Art Reyes III earned his master’s degree in public policy from the Kennedy School just as that crisis was breaking out, and now heads We The People Michigan, a political organization formed in response to the crisis. Reyes says people in his hometown still hold Snyder personally responsible for the crisis.
“Governor Snyder knew about the lead leaching into the water system months before that was made public,” Reyes said. “It's certainly not the kind of leadership that should be awarded by a prestigious institution like the Harvard Kennedy School.”
The former governor comes to Harvard under a cloud of suspicion. In April, a federal judge reversed a prior decision and found that Snyder did engage in a cover-up of the water crisis. And at the beginning of June, Michigan law enforcement seized more than 60 phones and hard drives used by Snyder and his staff as they relaunched a criminal investigation.
In an email, Taubman Center director Jeffrey Liebman wrote that he expects Snyder, who started Monday, to bring “significant expertise in management, public policy, and promoting civility” to classrooms, seminars and talks.
Despite the backlash, Kennedy School officials aren't planning to reverse Snyder’s appointment, or to give any attributable public comment on the decision. One involved official said that despite his failings, Snyder — a fiscal conservative from the Midwest — brings life experience and perspective to a campus that might otherwise have a liberal or coastal skew.
The official asked not to be named, saying he was honoring an institutional decision not to give quotes on the matter.
That official confirmed that Snyder sought a similar fellowship at the University of Michigan’s Ford School of Public Policy only to be denied, apparently due to his record in Flint. Rick Fitzgerald, a University of Michigan spokesman, did not confirm or deny that decision, but said that Snyder "has engaged in a number of activities on our campus... and we continue to explore additional opportunities for further engagement."
At Harvard, the official said, Snyder should expect to face tough questions about his handling of the Flint crisis in a variety of settings.
The calls to disinvite Snyder come as President Trump and many in conservative media accuse American colleges and universities of growing hostility to free speech — or to conservative views. Many on Harvard's campus are trying to make a practical objection to Snyder's appointment.
Anna Nathanson, a third-year student at Harvard Law School, said her objection was not to Snyder's political views, but to his “catastrophic” effect on public health in a city of nearly 100,000 people.
“As students, I would think we’d want to learn the right lessons,” she said, adding that the Kennedy School could instead have sought out activists who fought for justice in Flint.
This is only the latest Kennedy School appointment to trigger an outcry.
Two years ago, hundreds of alumni rebelled as its Institute of Politics announced that former Trump aides Corey Lewandowski and Sean Spicer would become one-year fellows. Those invitations were not rescinded, but the IOP did reverse itself on another 2017 fellow, the whistleblower Chelsea Manning, after then- CIA head Mike Pompeo and a former CIA director characterized Manning as a traitor.

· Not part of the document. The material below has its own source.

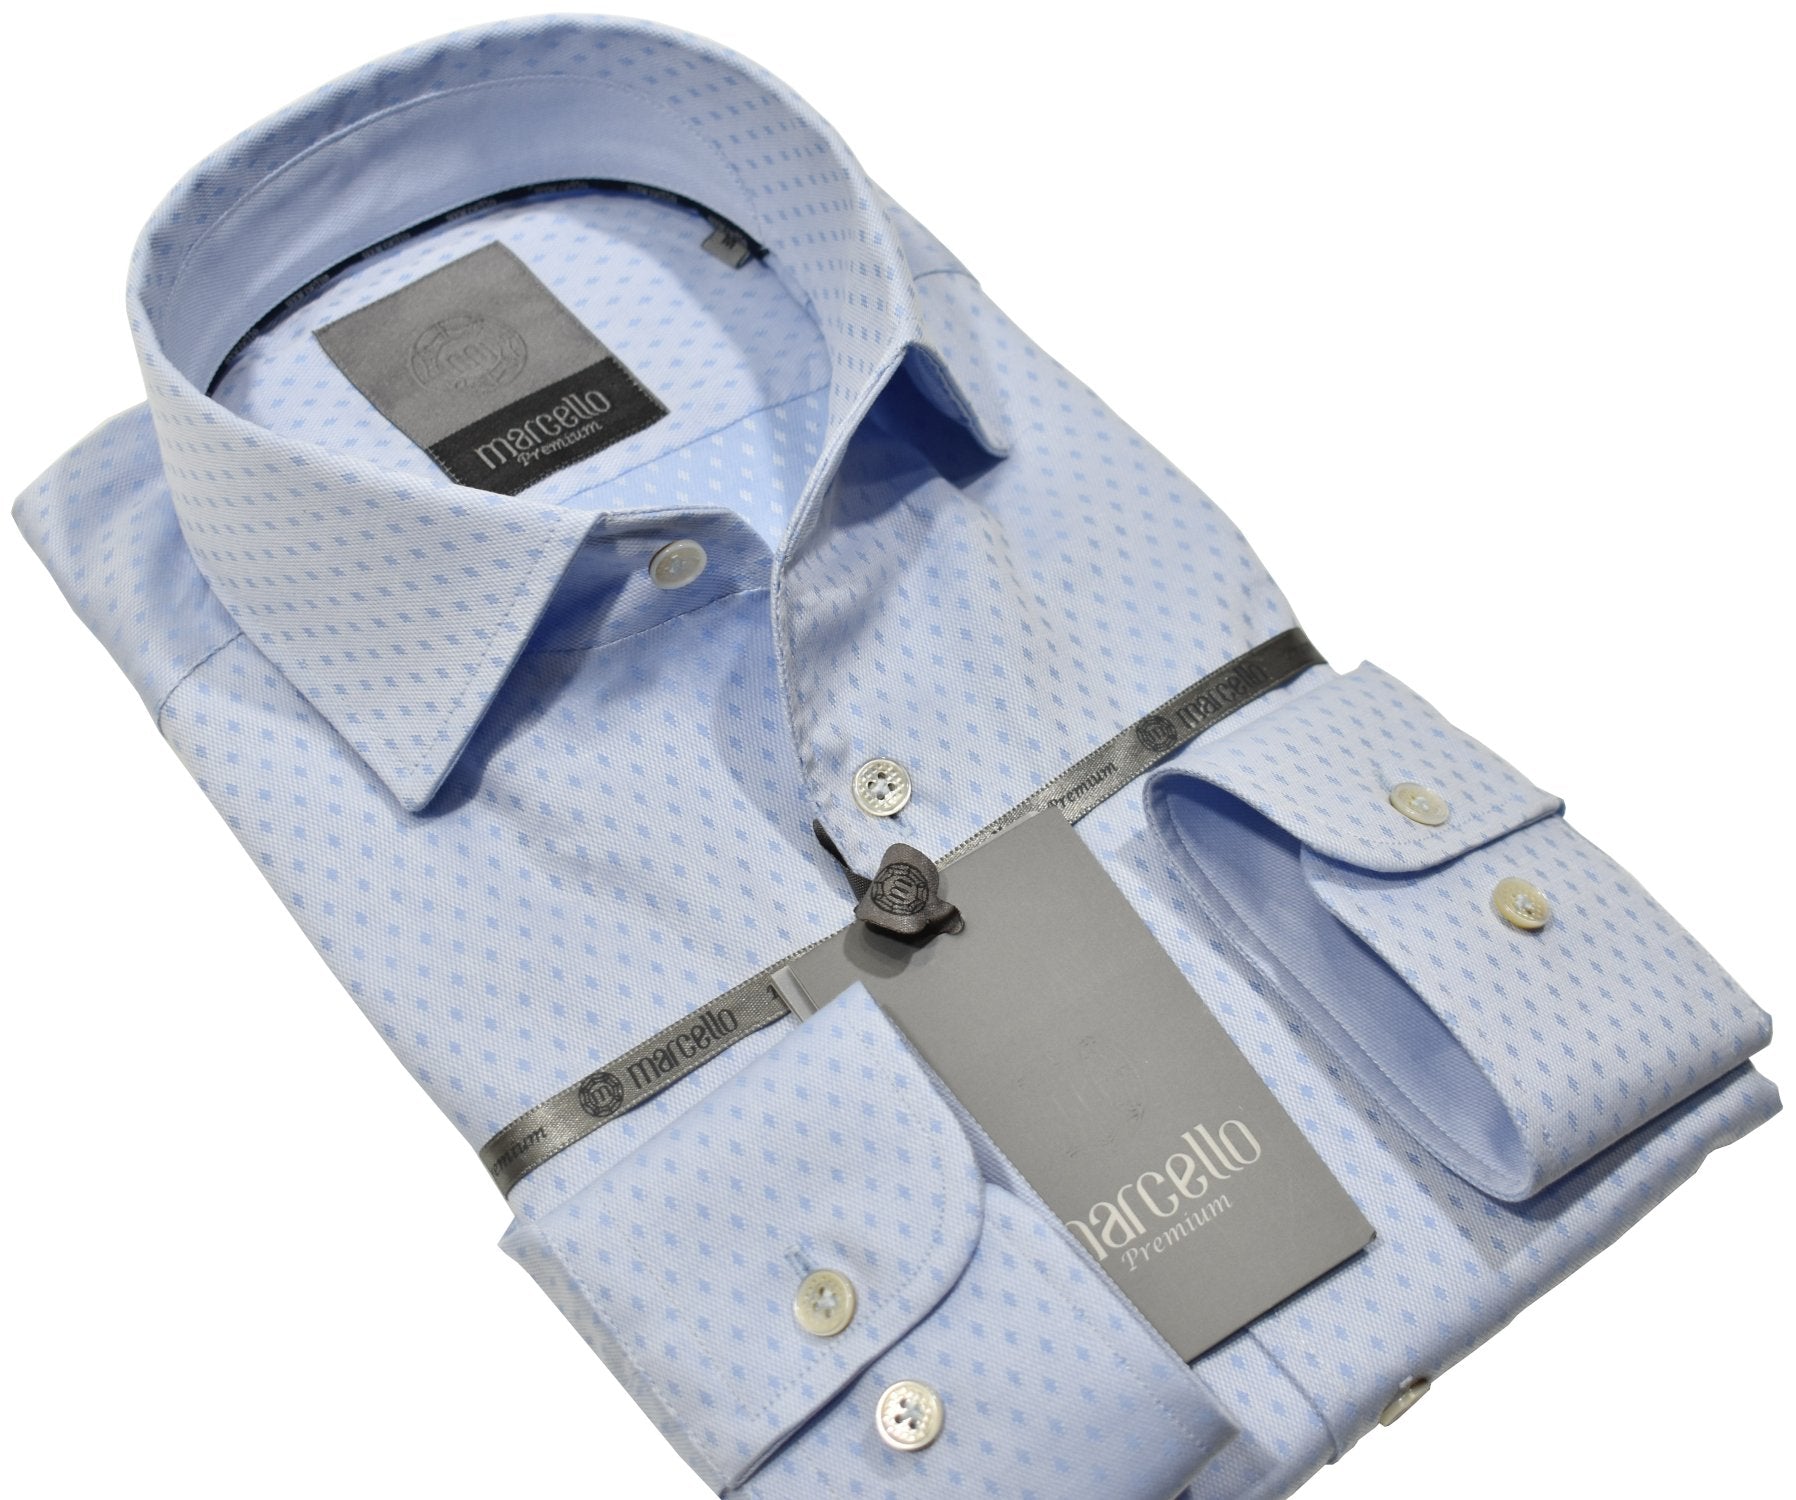 Elevate your wardrobe with the Marcello Premium Shadow Diamond Tag shirt. Crafted from extra fine fabrics sourced from fine Italian mills, our Marcello Premium program offers 100's 2 ply shirts in rich classic patterns. With the Marcello exclusive one piece roll collar, you'll feel confident and stylish in any setting.
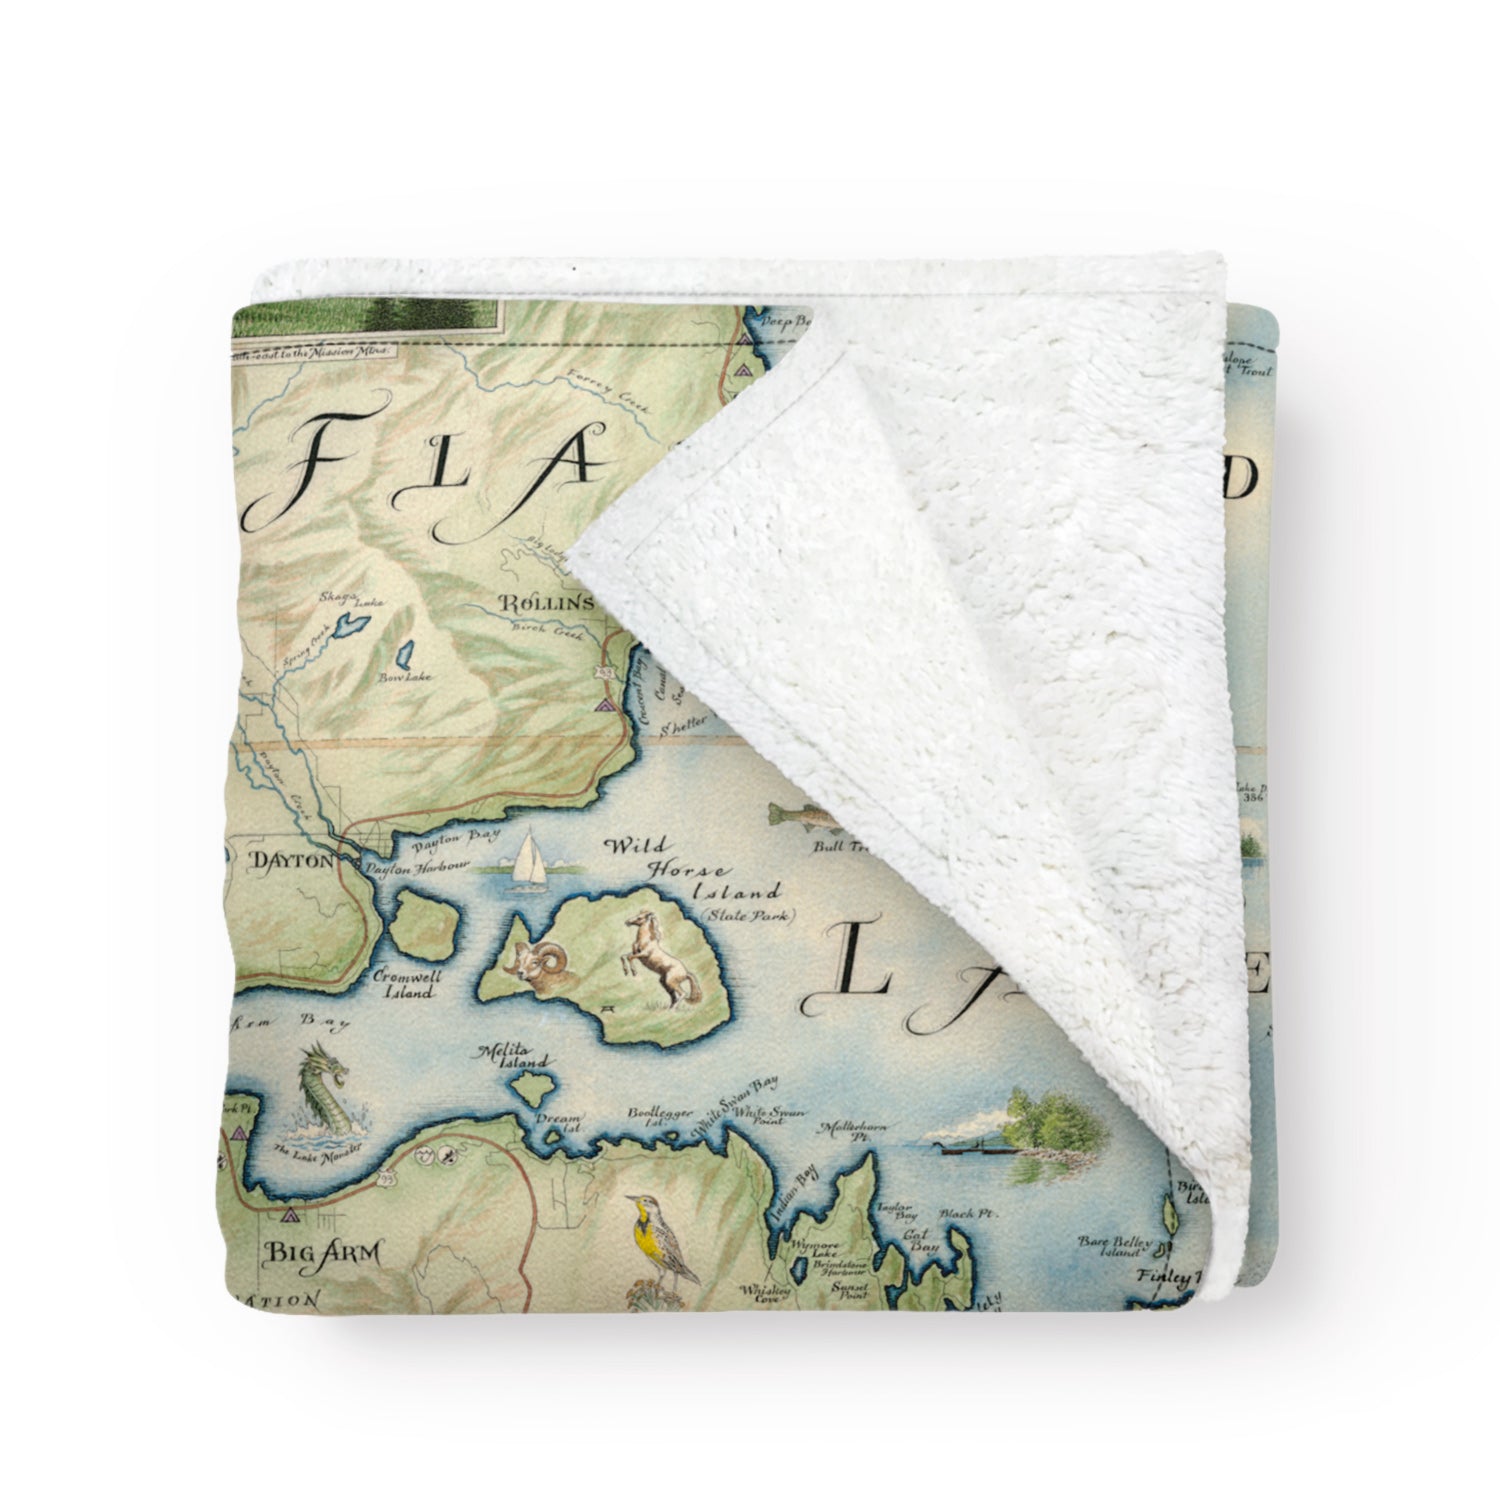 A folded blanket with a map of Flathead Lake in Montana on it. Hand-drawn artwork. Blanket measures 58

The Kennedy School official noted a distinction between Manning's case and Snyder's: Manning’s fame depended mainly on being convicted of a serious crime — turning classified material over to journalists. Meanwhile, Snyder has other career experiences — an eight-year governor and the former president and interim CEO of Gateway Computers — and has not been formally charged with a crime.
But the official added that the school would revisit Snyder’s appointment if charges are brought against him as part of the ongoing state probe.